Find the line holding "Tattoo uploaded by" in the entries below. Give it again exactly, along with every line after it up to and including the line holding "Frozen biscuits in a labeled freezer baggie.".

- RECORDS PROVIDED
--------------------------------------------------
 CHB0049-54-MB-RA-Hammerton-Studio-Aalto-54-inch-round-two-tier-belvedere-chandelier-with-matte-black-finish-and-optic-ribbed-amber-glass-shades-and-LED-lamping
--------------------------------------------------
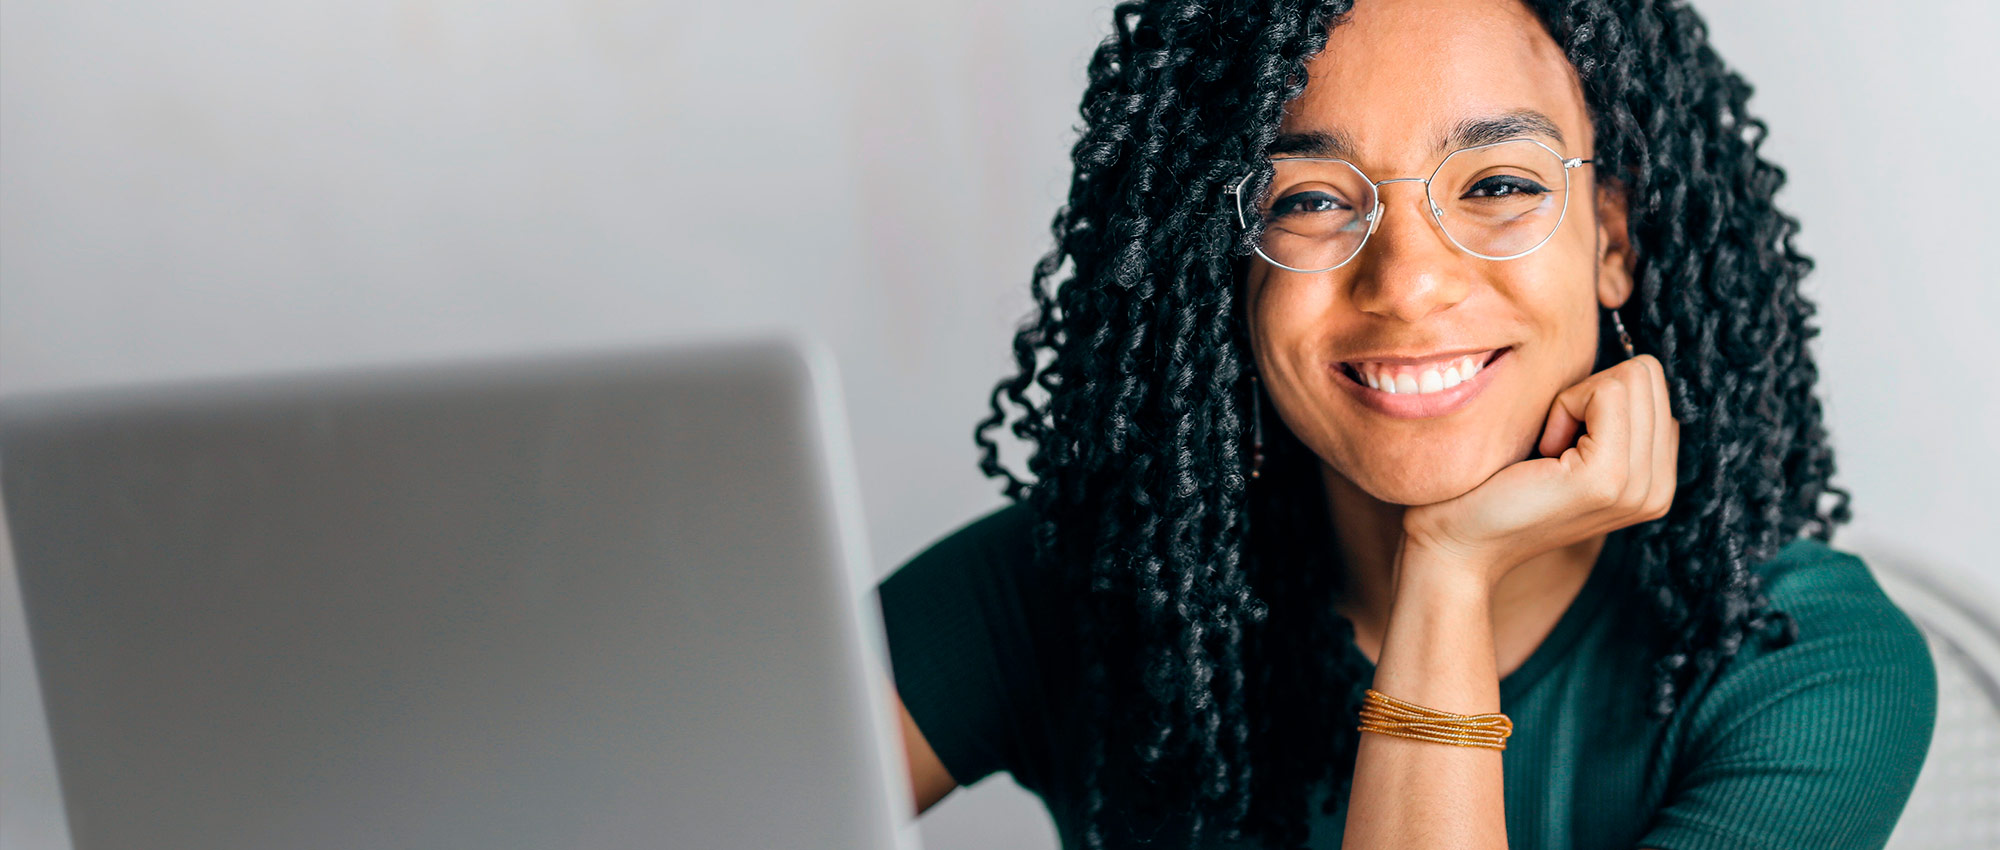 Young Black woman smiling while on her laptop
--------------------------------------------------
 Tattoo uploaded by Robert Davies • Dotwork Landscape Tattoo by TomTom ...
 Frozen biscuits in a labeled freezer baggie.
--------------------------------------------------
- WRITTEN RESPONSE
 Tattoo uploaded by Robert Davies • Dotwork Landscape Tattoo by TomTom ...
 Frozen biscuits in a labeled freezer baggie.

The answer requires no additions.